CPU Efficiency: 		22.1096%

In this case, since I’m not doing anything with the data, I cannot go significantly higher than the typical speed of the storage backend, which I know from experience is about 150MB/s.
So using 8 threads is actually a bit overkill here.

Hi Stephan,

Thanks for the advice; this helps a lot!

On a related note, I made a very simplified plotting macro to operate on some root files and plot some very basic quantities (number of electrons, number of muons, etc.). I notice that for an input directory of about 3.0 TB of root files (consisting of around 2 billion events or so), there is a massive difference in runtime between the first instance in which I run the code, and a second run I conduct immediately after (the difference is on the order of a 98% reduction in runtime, from about 638 seconds to 15 seconds - see screenshots below). I presume this is mainly due to “caching”, but I am not very familiar with how it works at a fundamental level with respect to root. What is actually “cached” when it comes to a Python script which creates a TChain, RDataFrame, 1D histograms, etc. in a typical run, such that this incredible difference in runtime is expected?
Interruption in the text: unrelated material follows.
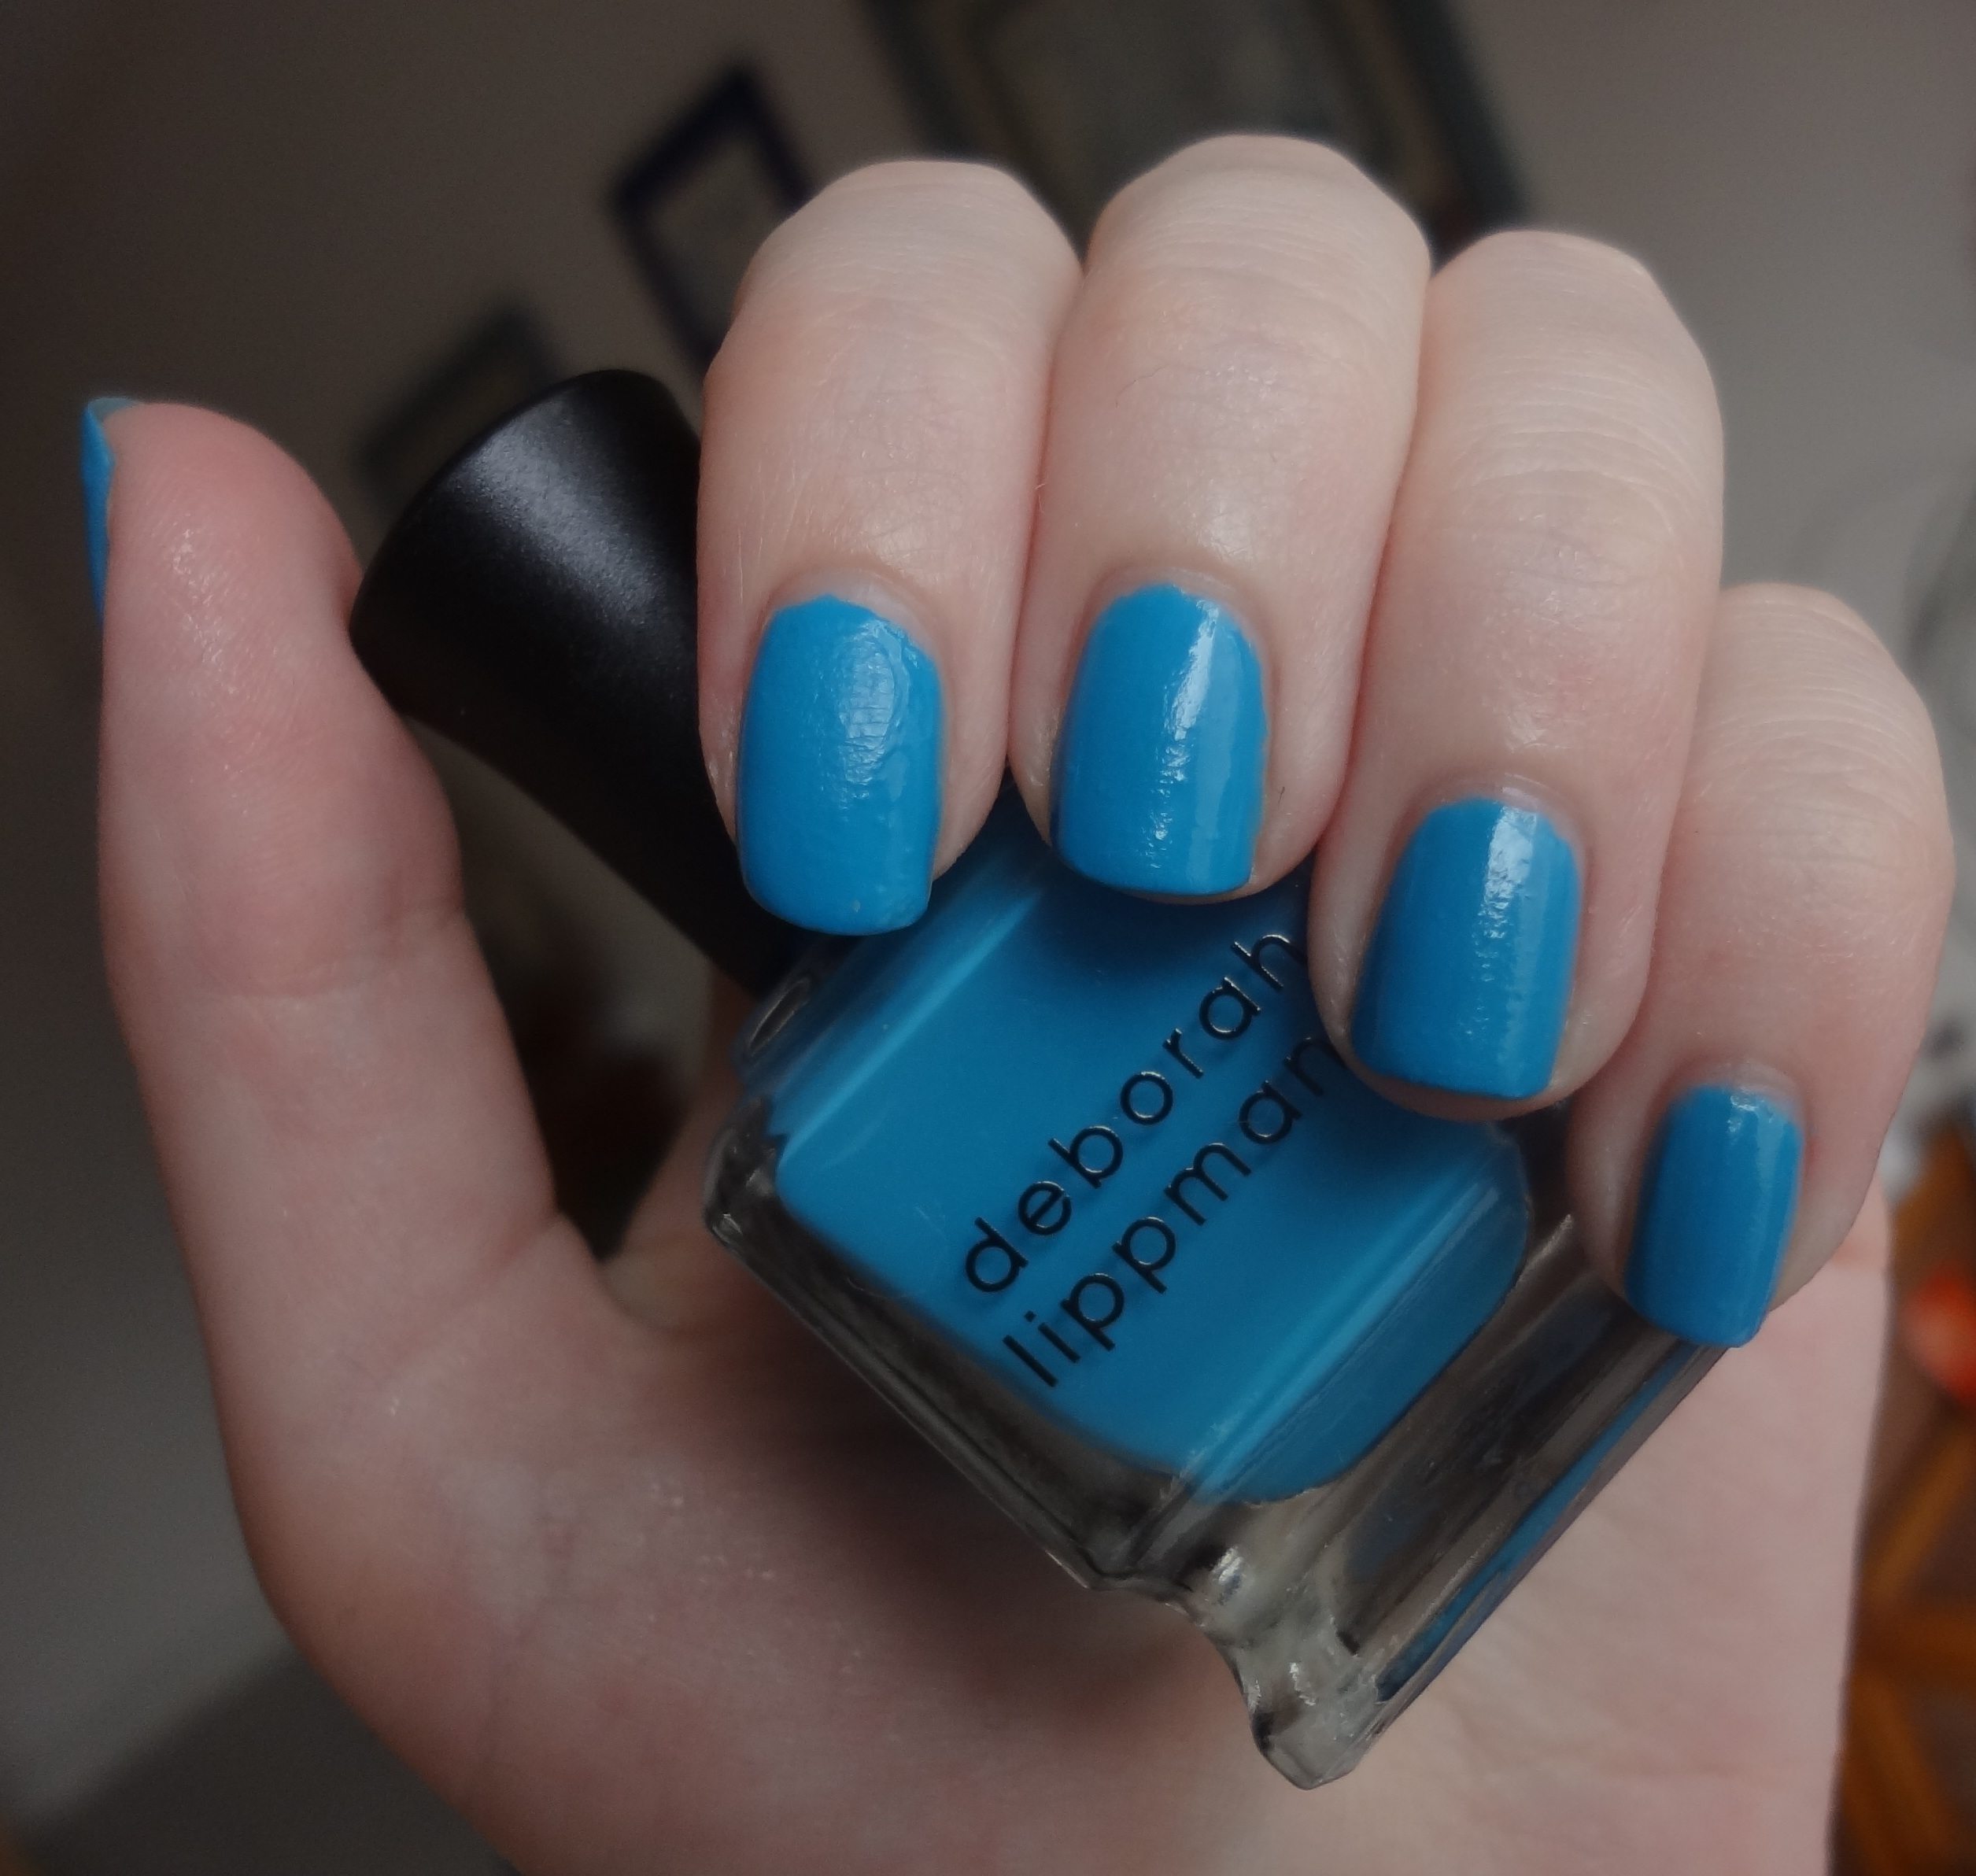 Deborah Lippmann On The Beach & NARS Koliary nail polish review – a ...

Thanks again for your help!
Philip Meltzer

Pre-cache run:

Post-cache run (immediately after previous run):

(P.S.: I didn’t actually save a snapshot in this run but left the print statement in, hence the 0 runtime for making a snapshot which would usually take a lot of time.)

Hello Philip,

in between runs, ROOT doesn’t cache anything at all. ROOT can read ahead, meaning that it can request the next parts of a file while you are still processing another part, but that’s it.
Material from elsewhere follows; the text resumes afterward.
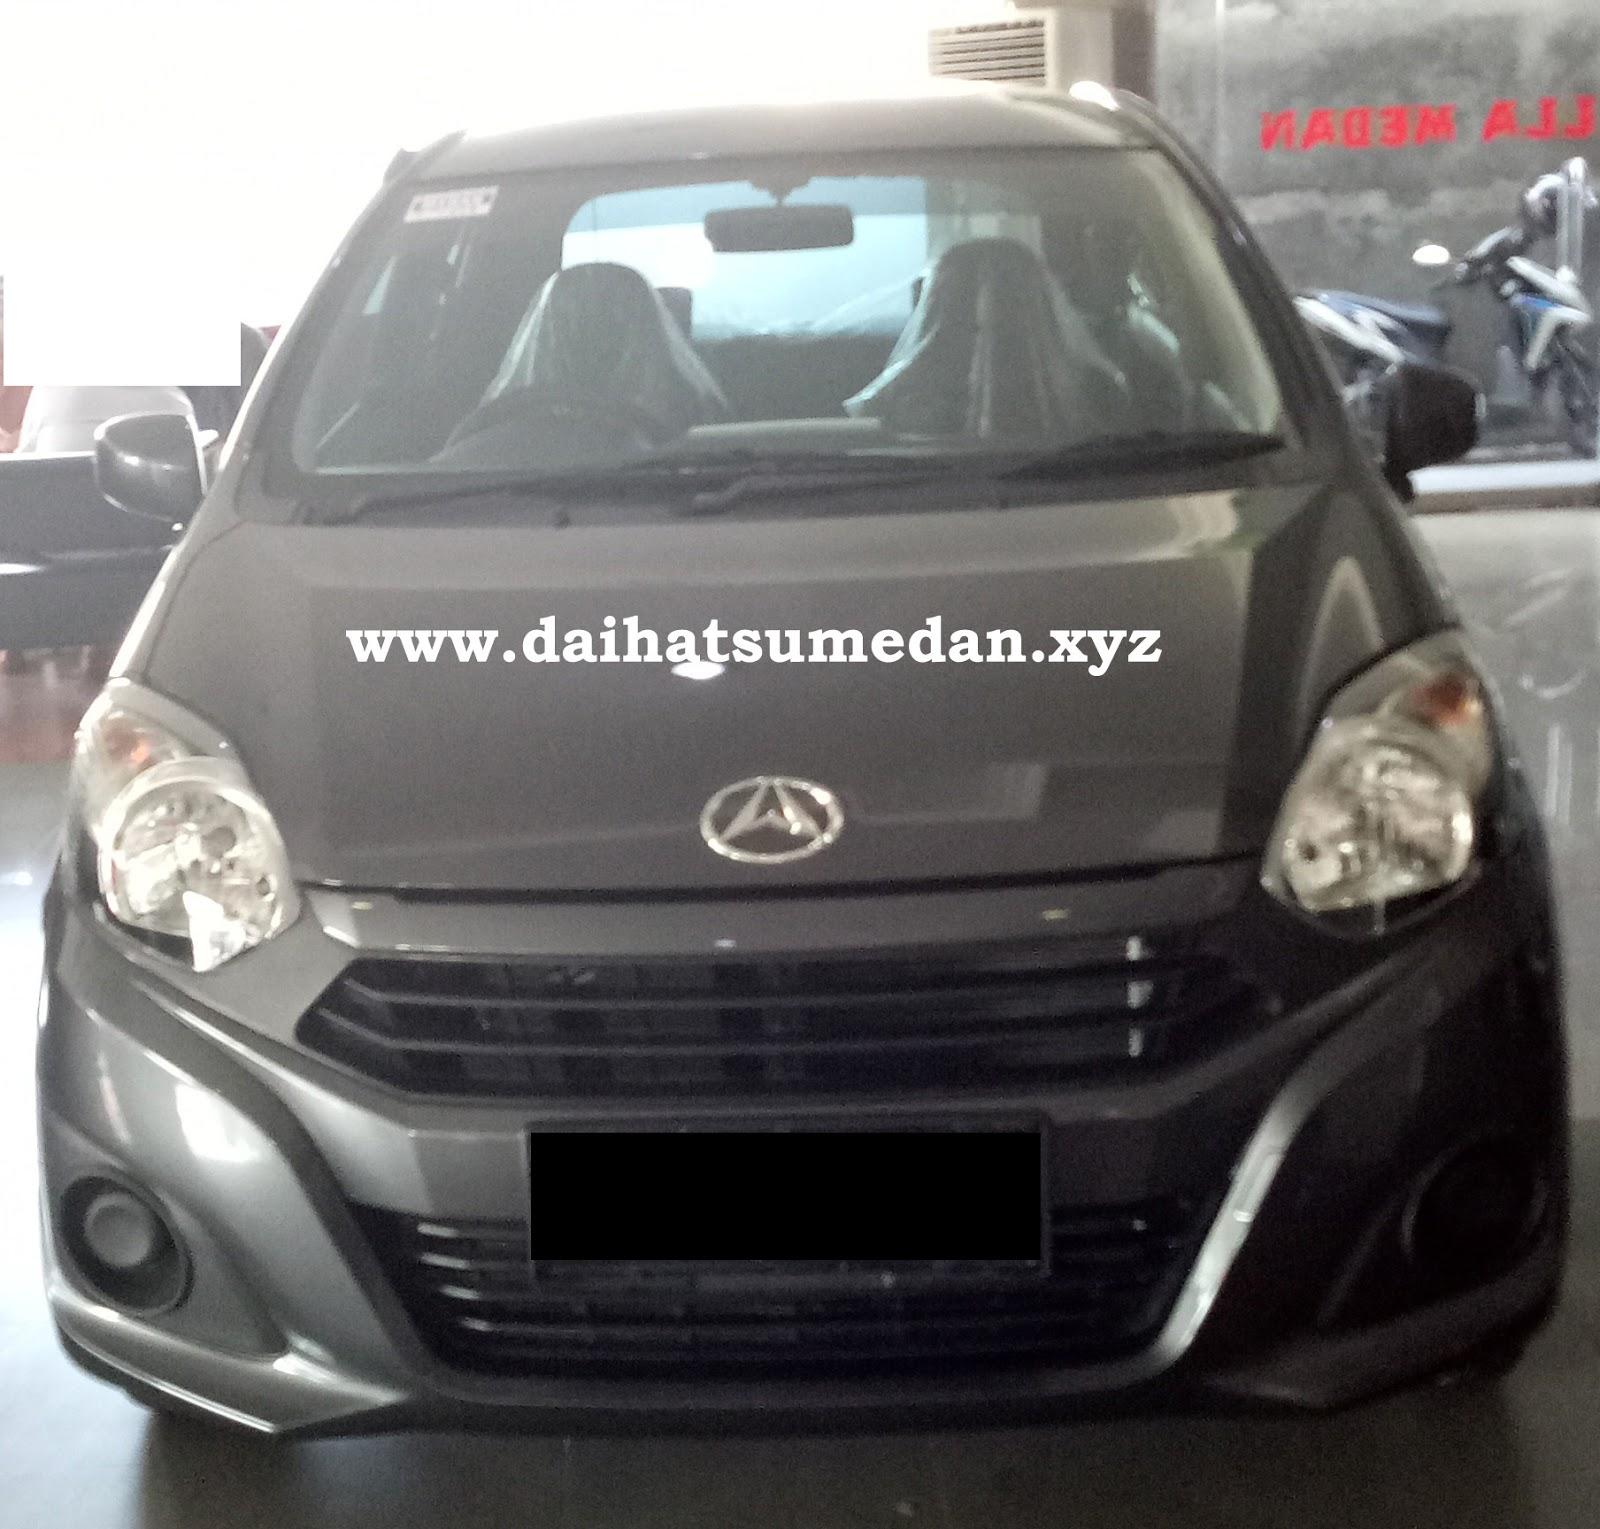 Daihatsu New Ayla 1.0 M

Everything you see in terms of speedup when you do a second run is your operating system or the distributed filesystem or a network cache that you are reading from.
I doubt that those caches can store 3 TB (it’s possible, but expensive), so I think what’s going on is that you are reading only a small part of these 3 TB, so only the relevant parts are cached. ROOT is actually very good at reading only the parts that you need, so you might be storing some GBs in that cache, and on the second run, all of those arrive directly from the cache.

In order to explain a bit better, we would need to know what you are reading from and how much of the file is actually read. If you use rootreadspeed and enable only the branches that you were plotting from, you should get those numbers. Alternatively, you can monitor disk or network I/O while running the plotting script and infer how many of those 3 TB are read.